There is a quiet steel in that approach. No grand proclamations. No indulgence in hypothetical scenarios. Just preparation, performance, repeat.
Somewhere between laboratory reports and lineout calls, between thesis drafts and defensive drills, Walsh is navigating the most demanding months of his young life to date. Captaincy. Final exams. A title race. The weight is real, but so too is the opportunity.
Last season ended in a nervy play-off, a penalty that kept them afloat in Division 1B. This season could end with a trophy and a return to the Energia All-Ireland League’s top flight. Four games. Eighty minutes at a time.
The mouth-watering final stretch begins with UCC at home on Saturday afternoon, another University heavyweight, another side with ambition and pride. Walsh’s focus does not waver.
“We’ve got our own goals for each block, we’ll take UCC this weekend, go out and do whatever we can against them. Then we’ll kind of focus on the last three games. And it’s the same as every kind of game.
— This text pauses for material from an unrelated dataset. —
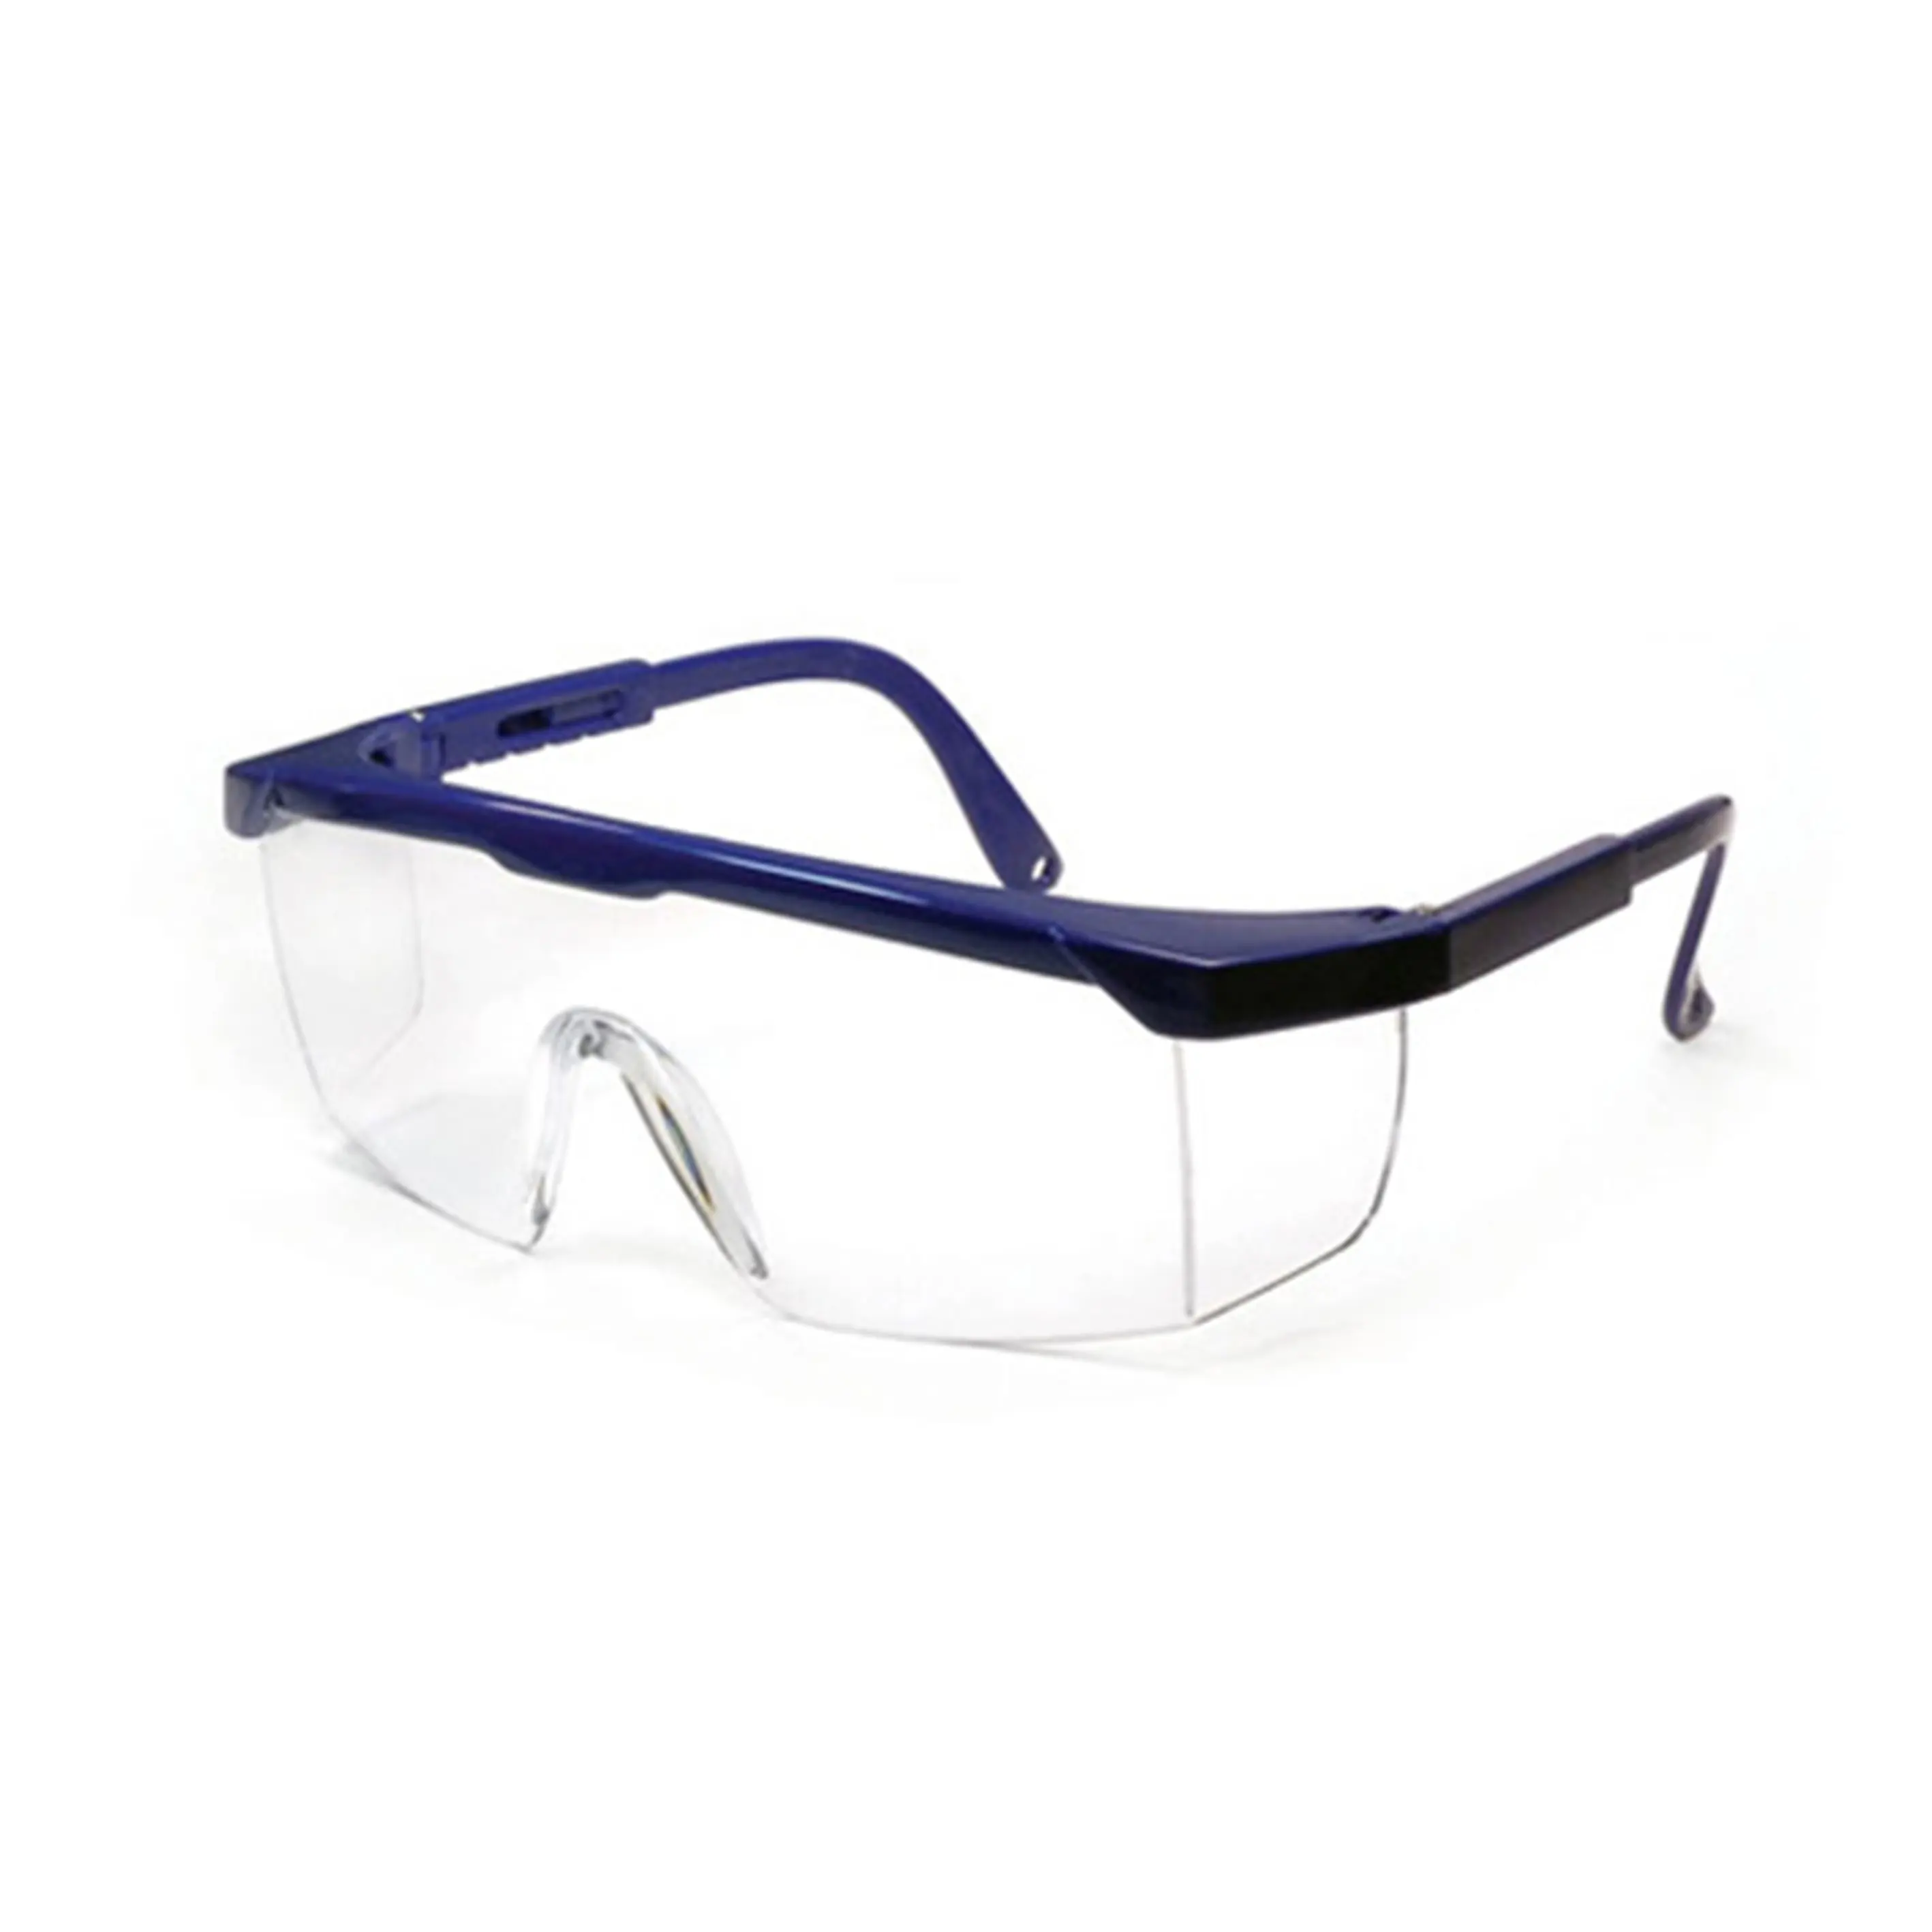 SG1001 משקפי בטיחות נגד פגיעה משקפי עבודה מגן צד מגן משקפי בטיחות משקפי ריתוך CE

“Those last three games, they’re going to be just as hard as any other one we’ve played this year because those teams have their own things to be fighting for.
“If we don’t get our stuff right, and we worry about them too much, then things can go either way. So there’s no point in looking at the other teams. It is about looking at what’s in front of us next, and what can we do to get ourselves ready for that one,” he added.